One other thing I would say is that the SMARTworks investment that I referenced stands in front of all of the things I just referenced as well, so that is a key component of the plan. We will, over time, form a complete picture of that transition but we won’t do that in advance of the actual announcements because we need to make sure our customers and our employees are taken care of as we go through that process.

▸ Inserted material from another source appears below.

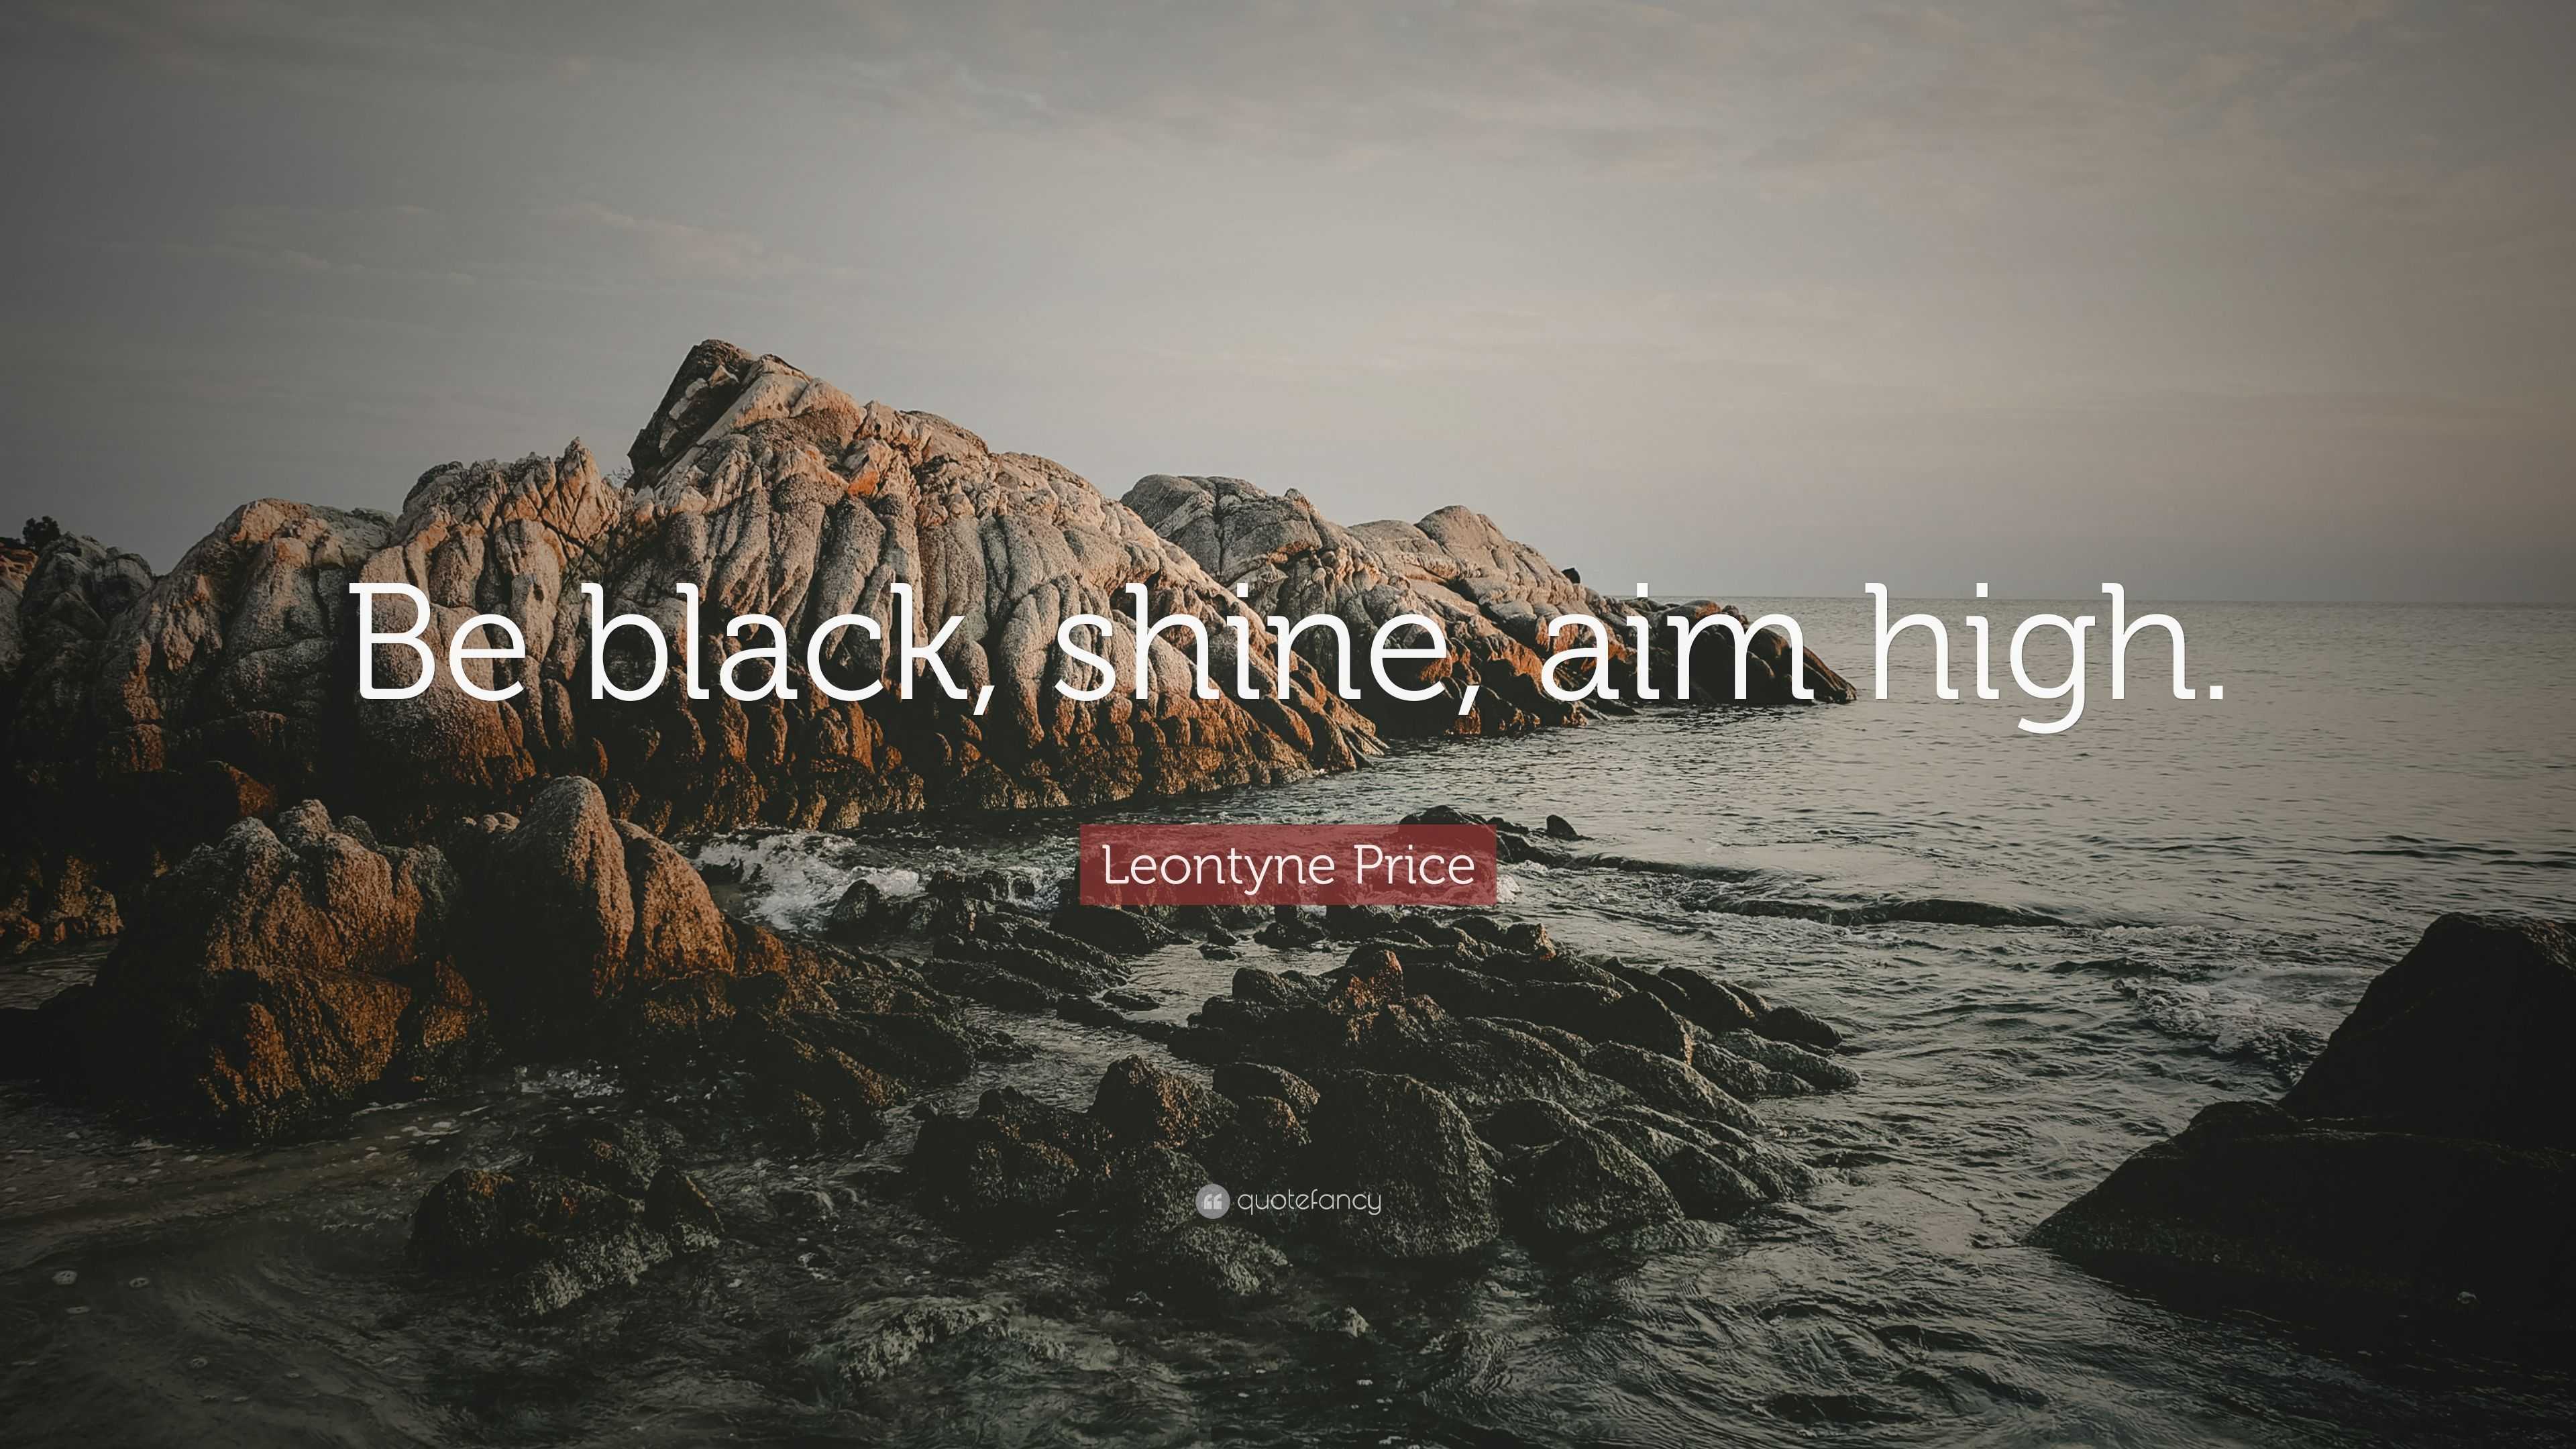 Leontyne Price Quote: “Be black, shine, aim high.”

Charles Strauzer – CJS Securities

When you’re going through this full evaluation have you found that this may be a potential for some assets dispositions as well that maybe could help you pay down some of the debt more rapidly?

Joseph P. Morgan, Jr.

That’s one of the filters. The issue with that whole thing is that the more seasoned assets are probably of less interest to the market than they were a decade or so ago. On the digital side that technology is so good that we don’t really have to worry so much about that issue. We have been able to move some of our assets into other parts of the world. I shouldn’t say the world, to consolidate some of those in Mexico which has really advanced the position. But I think there’s a possibility there but I would be honest with you, I don’t think that’s going to be a big factor in the process as we go forward but that is something that we’re looking for because when you look at the pension obligation, particularly this year, and then the capital we have available to spend, we’re very interested in accelerating the strategy so we’re always looking for ways to be able to move more and more of our assets towards the future as opposed to the past.

Operator

(Operator Instructions) There are no further questions at this time.

Carol Merry

Thank you for joining us today. If you have additional questions, please let us know. In the meantime this will conclude our call.

Operator

Ladies and gentlemen this concludes today’s conference call. Thank you all for joining, you may now disconnect.